<<<<

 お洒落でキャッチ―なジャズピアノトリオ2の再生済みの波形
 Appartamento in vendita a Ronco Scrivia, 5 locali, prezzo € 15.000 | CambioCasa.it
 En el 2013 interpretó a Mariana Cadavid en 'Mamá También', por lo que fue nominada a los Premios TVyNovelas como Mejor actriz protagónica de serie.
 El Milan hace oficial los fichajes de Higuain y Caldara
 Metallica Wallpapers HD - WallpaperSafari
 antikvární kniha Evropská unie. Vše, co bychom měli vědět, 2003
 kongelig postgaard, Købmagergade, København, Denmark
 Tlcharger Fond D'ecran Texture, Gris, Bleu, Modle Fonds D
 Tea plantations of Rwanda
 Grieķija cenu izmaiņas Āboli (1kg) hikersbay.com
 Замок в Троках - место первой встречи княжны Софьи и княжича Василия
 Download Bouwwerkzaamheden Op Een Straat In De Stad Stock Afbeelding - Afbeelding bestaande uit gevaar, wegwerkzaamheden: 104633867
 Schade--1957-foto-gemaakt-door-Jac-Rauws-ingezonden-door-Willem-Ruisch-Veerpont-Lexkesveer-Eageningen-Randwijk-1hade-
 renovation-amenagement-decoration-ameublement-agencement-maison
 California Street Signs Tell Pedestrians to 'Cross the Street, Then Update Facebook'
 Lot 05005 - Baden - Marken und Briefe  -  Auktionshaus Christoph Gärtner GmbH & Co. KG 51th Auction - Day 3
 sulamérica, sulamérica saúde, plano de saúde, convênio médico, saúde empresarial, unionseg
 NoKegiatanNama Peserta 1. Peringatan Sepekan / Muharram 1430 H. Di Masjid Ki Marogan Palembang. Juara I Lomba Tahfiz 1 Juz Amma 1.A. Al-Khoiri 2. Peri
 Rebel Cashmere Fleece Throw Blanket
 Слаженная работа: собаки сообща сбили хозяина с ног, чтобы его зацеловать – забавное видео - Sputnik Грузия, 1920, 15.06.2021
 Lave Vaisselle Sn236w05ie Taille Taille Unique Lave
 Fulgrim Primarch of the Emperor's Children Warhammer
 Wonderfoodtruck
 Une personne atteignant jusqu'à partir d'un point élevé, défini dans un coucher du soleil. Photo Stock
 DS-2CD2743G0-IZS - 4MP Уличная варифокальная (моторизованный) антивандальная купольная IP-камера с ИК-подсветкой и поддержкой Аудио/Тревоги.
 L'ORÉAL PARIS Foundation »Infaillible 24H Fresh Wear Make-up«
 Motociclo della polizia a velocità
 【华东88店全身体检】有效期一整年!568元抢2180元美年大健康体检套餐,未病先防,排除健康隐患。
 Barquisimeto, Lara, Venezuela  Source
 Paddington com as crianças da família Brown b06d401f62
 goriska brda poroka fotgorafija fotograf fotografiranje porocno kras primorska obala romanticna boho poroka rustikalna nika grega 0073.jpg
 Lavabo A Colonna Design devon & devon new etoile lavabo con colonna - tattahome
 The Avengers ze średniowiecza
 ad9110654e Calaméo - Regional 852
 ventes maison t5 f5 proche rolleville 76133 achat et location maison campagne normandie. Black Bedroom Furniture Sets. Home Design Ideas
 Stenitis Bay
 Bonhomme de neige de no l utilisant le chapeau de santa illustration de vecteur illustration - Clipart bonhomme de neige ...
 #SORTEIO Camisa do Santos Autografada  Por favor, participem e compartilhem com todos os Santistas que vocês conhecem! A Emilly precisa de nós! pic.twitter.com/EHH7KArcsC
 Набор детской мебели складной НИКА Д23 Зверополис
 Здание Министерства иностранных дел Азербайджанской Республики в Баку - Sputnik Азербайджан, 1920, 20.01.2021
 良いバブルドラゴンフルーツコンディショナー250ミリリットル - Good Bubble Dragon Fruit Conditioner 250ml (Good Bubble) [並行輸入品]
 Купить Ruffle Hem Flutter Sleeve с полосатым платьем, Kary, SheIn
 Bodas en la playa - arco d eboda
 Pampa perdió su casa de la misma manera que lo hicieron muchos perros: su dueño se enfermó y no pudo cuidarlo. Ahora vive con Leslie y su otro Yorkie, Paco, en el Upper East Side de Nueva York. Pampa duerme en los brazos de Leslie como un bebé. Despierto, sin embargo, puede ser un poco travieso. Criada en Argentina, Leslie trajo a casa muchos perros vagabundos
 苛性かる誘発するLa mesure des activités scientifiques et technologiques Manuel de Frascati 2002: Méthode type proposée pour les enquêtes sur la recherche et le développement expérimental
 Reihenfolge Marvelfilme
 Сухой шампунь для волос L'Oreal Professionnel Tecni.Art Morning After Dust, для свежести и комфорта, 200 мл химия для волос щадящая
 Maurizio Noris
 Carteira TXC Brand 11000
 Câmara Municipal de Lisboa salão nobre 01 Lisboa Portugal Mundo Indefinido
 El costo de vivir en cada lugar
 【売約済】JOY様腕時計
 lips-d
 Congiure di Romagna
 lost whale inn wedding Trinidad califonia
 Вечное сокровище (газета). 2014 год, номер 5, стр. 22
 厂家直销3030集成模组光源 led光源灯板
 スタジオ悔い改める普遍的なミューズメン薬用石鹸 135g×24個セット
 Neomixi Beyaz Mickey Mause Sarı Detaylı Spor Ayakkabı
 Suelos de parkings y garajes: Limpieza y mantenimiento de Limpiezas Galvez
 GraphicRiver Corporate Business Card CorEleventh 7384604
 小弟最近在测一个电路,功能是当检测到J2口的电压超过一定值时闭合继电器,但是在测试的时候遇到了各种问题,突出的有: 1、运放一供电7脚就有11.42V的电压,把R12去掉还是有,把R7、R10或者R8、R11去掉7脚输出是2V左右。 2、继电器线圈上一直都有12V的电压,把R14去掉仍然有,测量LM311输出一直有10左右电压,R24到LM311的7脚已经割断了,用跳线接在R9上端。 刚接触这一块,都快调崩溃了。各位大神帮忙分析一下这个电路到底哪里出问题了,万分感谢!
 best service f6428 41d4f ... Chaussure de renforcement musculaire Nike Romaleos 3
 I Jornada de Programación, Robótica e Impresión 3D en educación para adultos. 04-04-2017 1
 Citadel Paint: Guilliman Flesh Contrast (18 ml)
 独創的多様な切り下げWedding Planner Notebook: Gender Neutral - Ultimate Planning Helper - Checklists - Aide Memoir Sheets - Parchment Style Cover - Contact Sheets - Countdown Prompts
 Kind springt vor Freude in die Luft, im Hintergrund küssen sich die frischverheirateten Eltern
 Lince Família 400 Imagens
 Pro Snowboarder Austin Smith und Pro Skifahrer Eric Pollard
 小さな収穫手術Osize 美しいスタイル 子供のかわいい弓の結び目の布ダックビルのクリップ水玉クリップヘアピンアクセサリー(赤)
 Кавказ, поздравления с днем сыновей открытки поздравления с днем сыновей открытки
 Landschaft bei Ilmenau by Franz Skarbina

>>>>

◆ GOAL OF THE EXERCISE: All lines that include the word "Sputnik" must be copied from the material above.

◆ RESULT OF THE TASK:
 Слаженная работа: собаки сообща сбили хозяина с ног, чтобы его зацеловать – забавное видео - Sputnik Грузия, 1920, 15.06.2021
 Здание Министерства иностранных дел Азербайджанской Республики в Баку - Sputnik Азербайджан, 1920, 20.01.2021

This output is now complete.